Earlier this week, I published a guest article from Financial Samurai. I've decided to do something I've only twice before in fifteen years at Get Rich Slowly — I'm retracting that article.
Sam's article, while new, rehashed a piece he'd previously written for his own site. I was unaware of that original article until I published this new version. In principle, I'm fine posting this sort of thing — an article that covers existing material in a new way — because that's what we writers do: We cover the same topics again and again and again.
In this case, however, not only was I unaware that Sam had already written about this material, but I was unaware that the original piece had generated a ton of controversy, and that many of Sam's assertions had been called into question and/or disproven. (What can I say? I read a lot of personal-finance blogs, but it's not possible for me to see every article.)
While I didn't agree with Sam's premises or conclusions in the article, that didn't bug me. I don't view Get Rich Slowly as a monolithic, dogmatic place that promotes only one view of money. Quite the opposite, in fact.
My motto here since Day One has been “do what works for you”. By this, I mean to say that there are many different ways to constructively manage your finances. What works for one person might not work for somebody else. There are often multiple ways to accomplish the same goal. (Take getting out of debt, for instance. There are several smart ways to go about that task.)
Because I'm open to sharing different ideas, I sometimes publish articles from authors who hold very different viewpoints from my own.

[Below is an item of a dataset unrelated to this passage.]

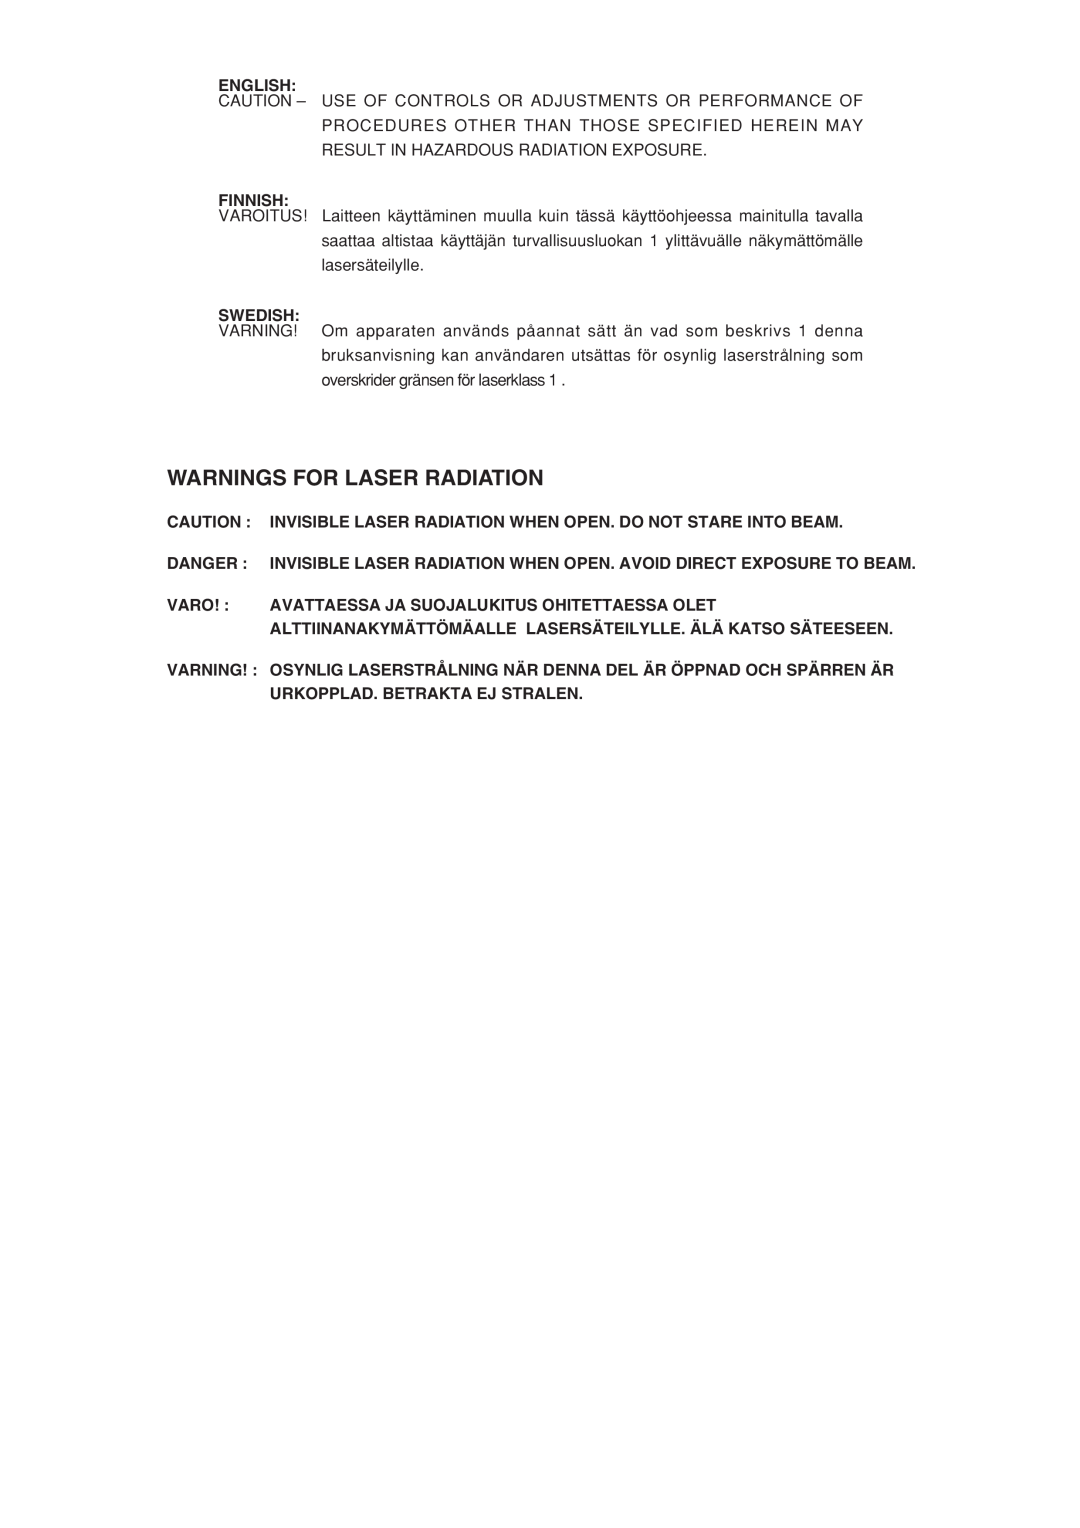 Marantz CC4300N manual Warnings For Laser Radiation 
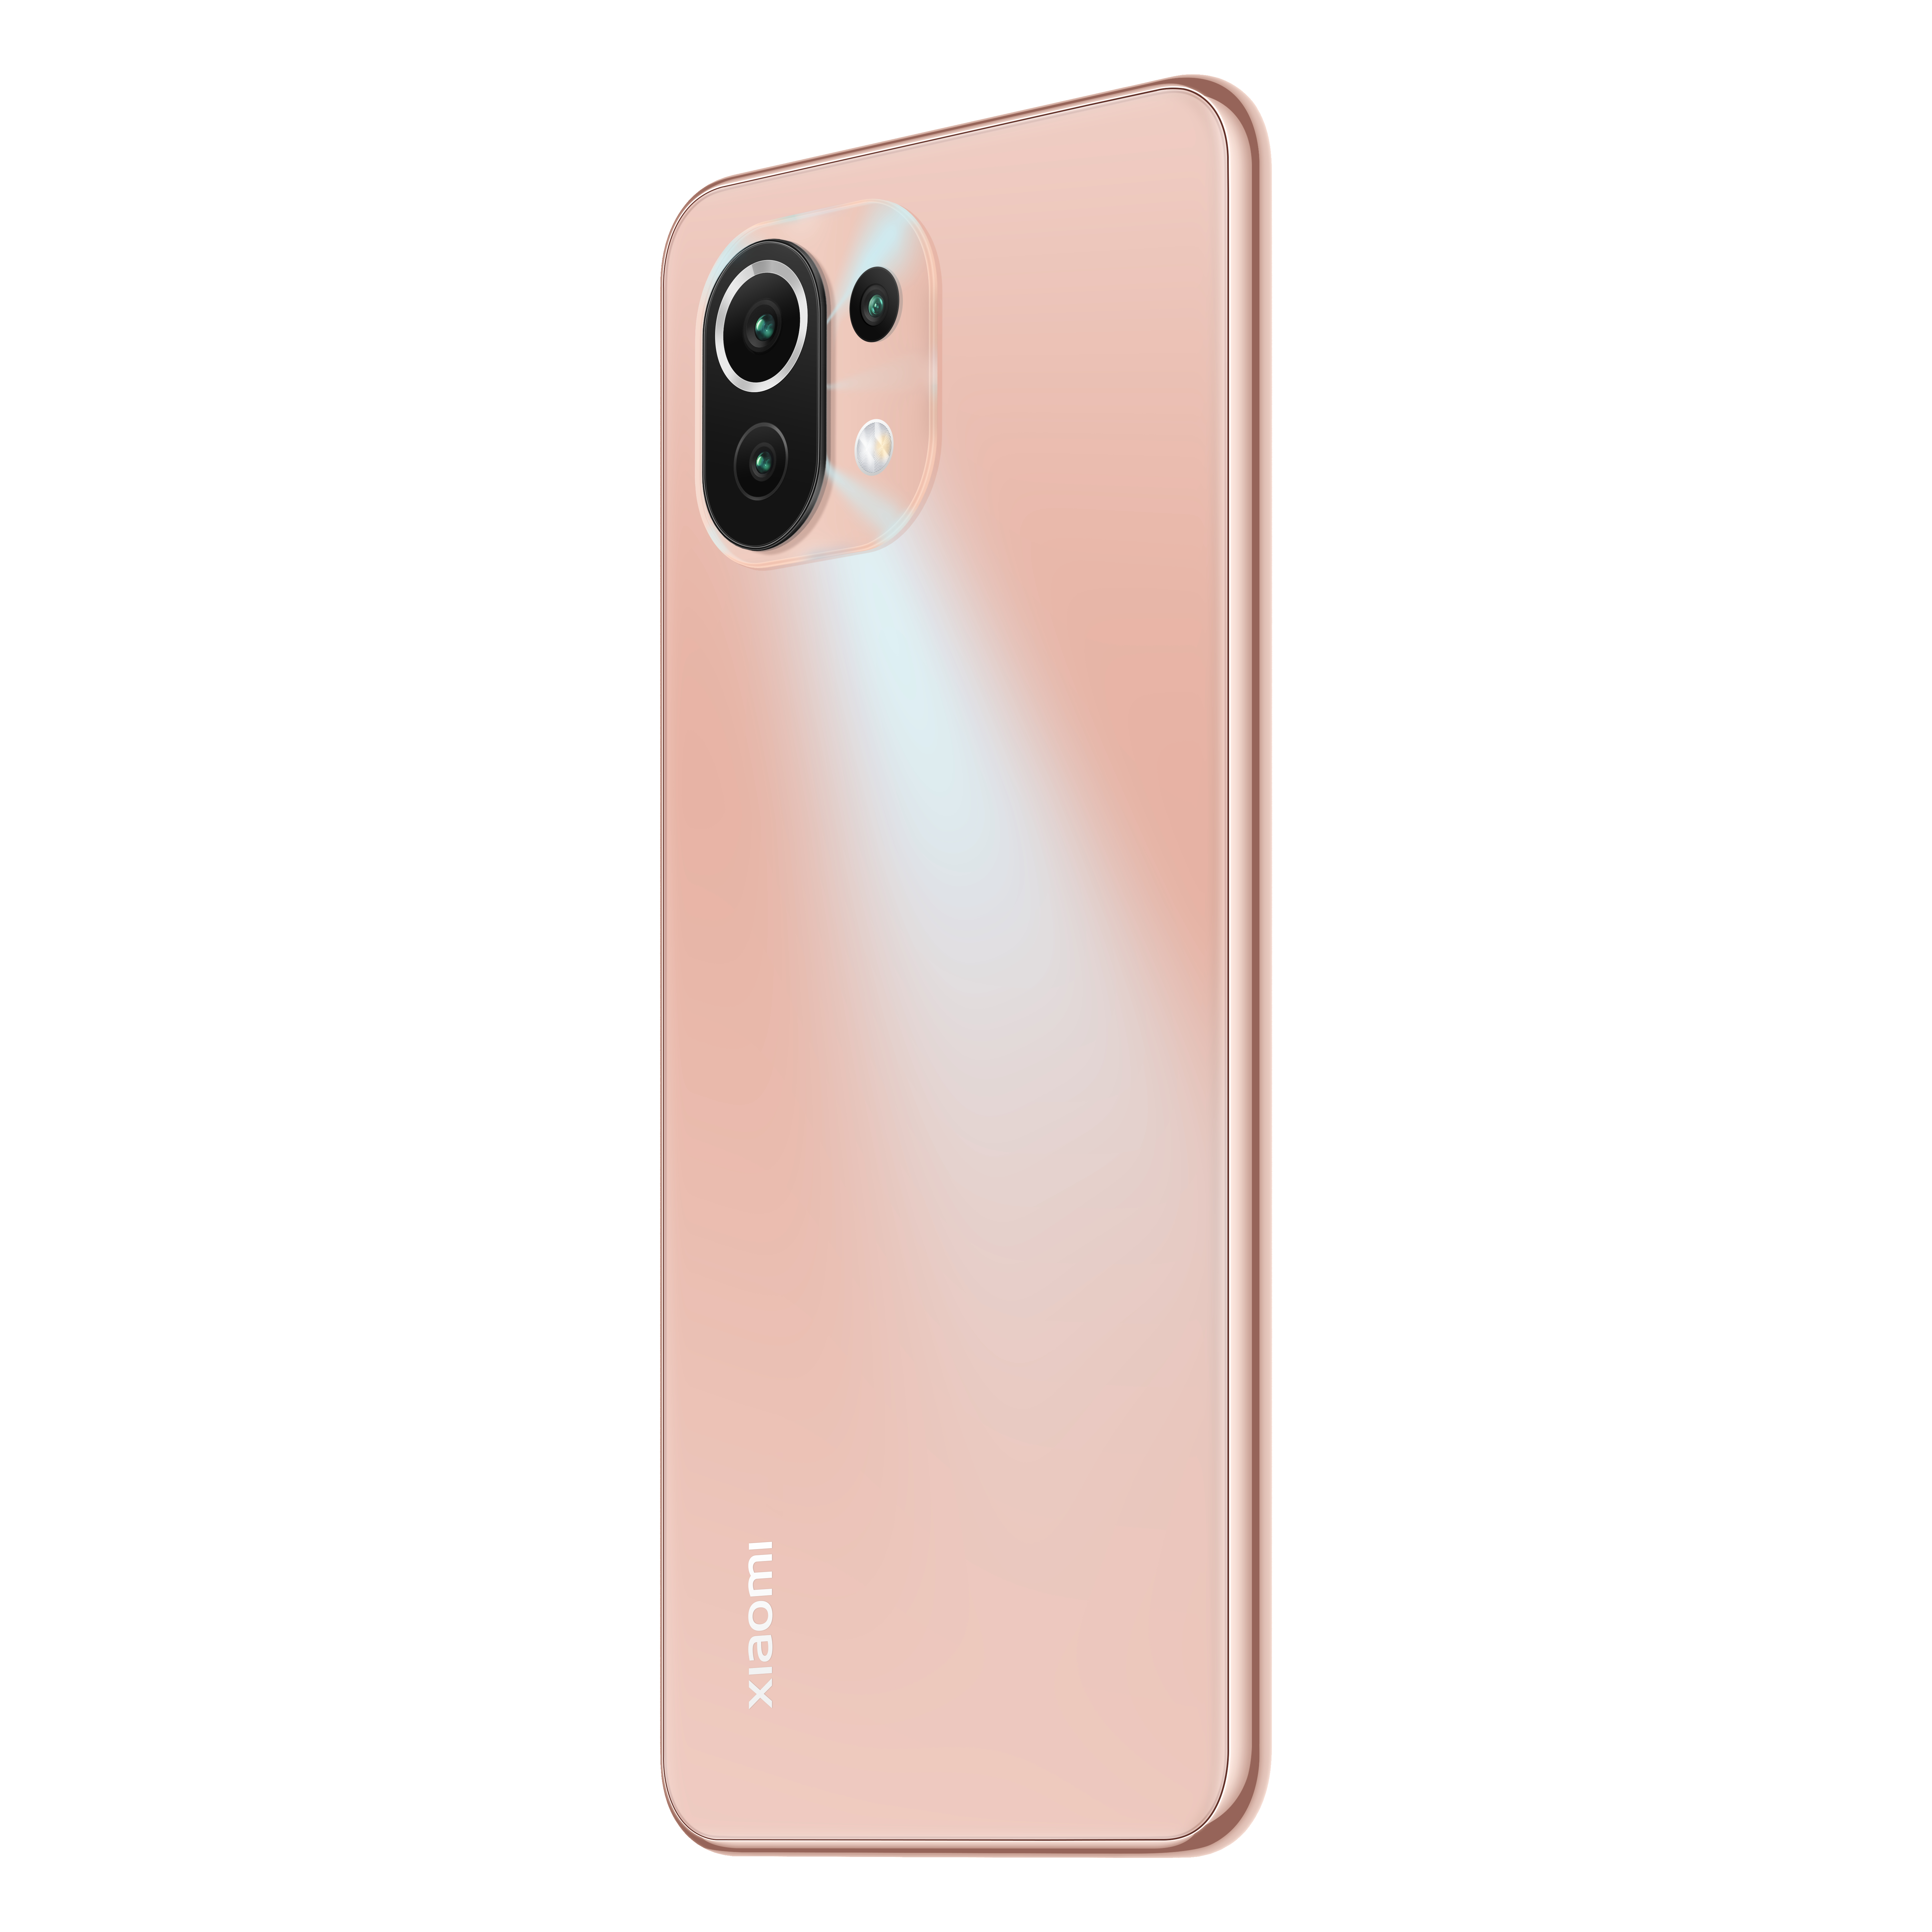 Lite 128 SIM Dual XIAOMI Mi Peach 11 GB Pink

This is nothing new. I've been doing it since I started the site.
I believe strongly, for instance, that it's perfectly fine for committed couples — even married couples — to maintain separate finances. Again, do what works for you. All the same, I once published an article arguing that the only right way to manage money is to merge your finances when you get married. And I've published pieces on the importance of religion in personal finance despite the fact that I'm agnostic. You get the idea.
I don't believe that I know everything, that I have everything figured out. (I obviously don't!) Because of this, I think it's fun to share other people's perspectives.
That said, there need to be some limits to what I'll publish, right? And there are.
- I refuse to publish anything that's overly promotional. (That's why GRS has never run “advertorials” or paid posts.)
- I won't publish anything that's so poorly written that it can't be edited into a coherent piece. (You'd be surprised at how bad some submissions are.)
- And, most importantly, I won't publish a guest post that spreads misinformation and/or harms readers.
When I edited Sam's article, I had some reservations but they weren't strong enough to prevent me from publishing the piece. I made a mistake by not scrutinizing the material more closely.
I didn't agree with some of Sam's premises (I hate the idea of using income as a basis for determining retirement needs, for instance), and I thought his conclusion sounded extreme. So, I included a disclaimer at the end to let readers know that I didn't agree with everything he'd written. Then, when early commenters failed to see that disclaimer, I added an additional notice at the top of the story.
After I published the story, readers quickly let me know about the original piece and its attendant controversy. This lead me to re-read the article much more closely. In doing so, the initial logical error (that safe withdrawal rates are somehow tied to bond yields) was obvious. What's more, Sam's conclusion (that the safe withdrawal rate is equivalent to 80% of the 10-year bond yield) seemed absurd.
I told Sam as much in an e-mail conversation during which I voiced my concerns. Sam dismissed them. When I suggested that he leave comments offering clarification, that he at least connect the dots from bond yields to safe withdrawal rates, he declined. This is disappointing. I'd hope that Sam is interested in education and accuracy. Because I am.
The final straw came when one GRS reader wrote:
The bad news is that my 67 year old father, who is perfectly positioned for retirement, somehow came across this piece and sent it to me because it panicked him.
As I said earlier, I won't publish guest posts that spread misinformation and/or harm readers. This article crossed the line.
Get Rich Slowly isn't about sensationalism. And it's most certainly not about bad advice. I keep telling my business partner, Tom, that I want Get Rich Slowly to be a trusted resource where people can come to get reliable info about all aspects of personal finance.
Sam's article contained bad information and bad advice. I want to believe that Sam's intentions are good, and that he truly believes what he wrote. But as it stands, I cannot allow the article to remain at GRS. It violates the trust of GRS readers by spreading misinformation and drawing false conclusions.
Ultimately, this incident is my fault, and I acknowledge that. If I had read the article more closely to begin with, I wouldn't have published it. Instead, I allowed myself to give in to the technical jargon and Sam's years of experience in the financial industry. “This doesn't make sense to me, but he must know what he's talking about,” I told myself. (For real. This is almost literally what I said to myself!)
I regret that. I ought to have trusted my gut and asked Sam to provide clarification before I published the piece.
I apologize to you, the GRS readers for not vetting this more thoroughly, and I apologize to Sam for putting him through this. (I suspect, however, that Sam's used to this and knew it was coming.)
For his part, Sam has graciously accepted my decision. He's also published a follow-up that explores how different philosophies (and goals) can affect your withdrawal rate in retirement. I think it's an interesting essay. You might find it thought-provoking too.